Section 8. Vice-President. In the absence of the President or in the
event of his inability or refusal to act, the Vice-President, if any (or in the
event there be more than one Vice-President, the Vice-Presidents in the order
designated by the Board of Directors, or in the absence of any designation,
then in the order of their election) shall perform the duties of the President,
and when so acting shall have all the powers of and be subject to all the
restrictions upon the President. The Vice-President shall perform such other
duties and have such other powers as the Board of Directors may from time to
time prescribe.
Section 9. Secretary. The Secretary shall attend all meetings of the
Board of Directors and all meetings of the stockholders and record all the
proceedings of the meetings of the corporation and of the Board of Directors in
a book to be kept for that purpose and shall perform like duties for the
standing committees when required. He shall give, or cause to be given, notice
of all meetings of the stockholders and special meetings of the Board of
Directors, and shall perform such other duties as may be prescribed by the
Board of Directors or President, under whose supervision he shall be subject.

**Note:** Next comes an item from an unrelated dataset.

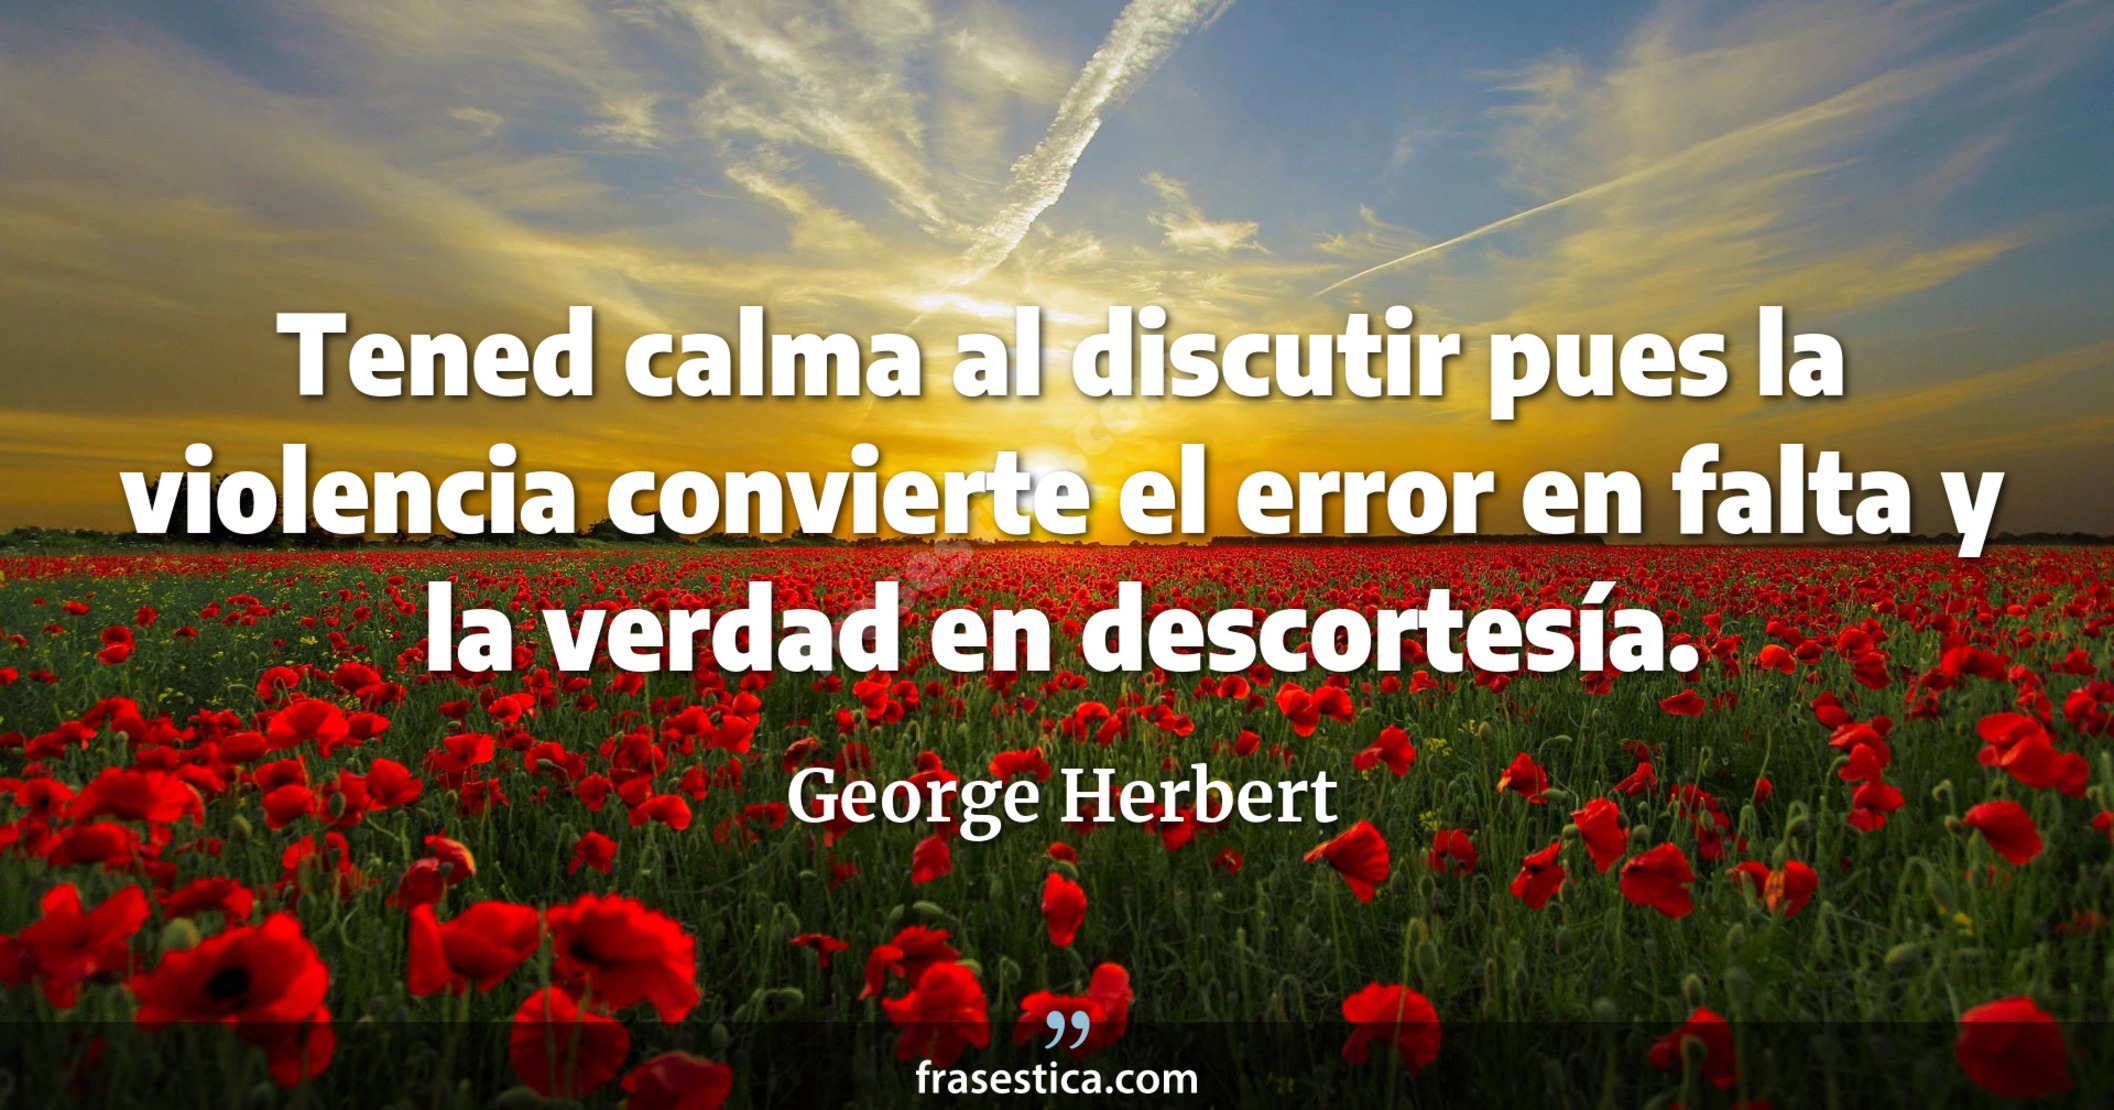 Tened calma al discutir pues la violencia convierte el error en falta y la verdad en descortesía. - George Herbert

He shall have custody of the corporate seal of the corporation and he, or an
Assistant Secretary, shall have authority to affix the same to any instrument
requiring it and when so affixed, it may be attested by his signature or by the
signature of such Assistant Secretary. The Board of Directors may give general
authority to any other officer to affix the seal of the corporation and to
attest the affixing by his signature.
Section 10. Assistant Secretary. The Assistant Secretary, or if there
be more than one (1), the Assistant Secretaries in the order determined by the
Board of Directors (or if there be no such determination, then in the order of
their election) shall, in the absence of the Secretary or in the event of his
inability or refusal to act, perform the duties and exercise the powers of the
Secretary and shall perform such other duties and have such other powers as the
Board of Directors may from time to time prescribe.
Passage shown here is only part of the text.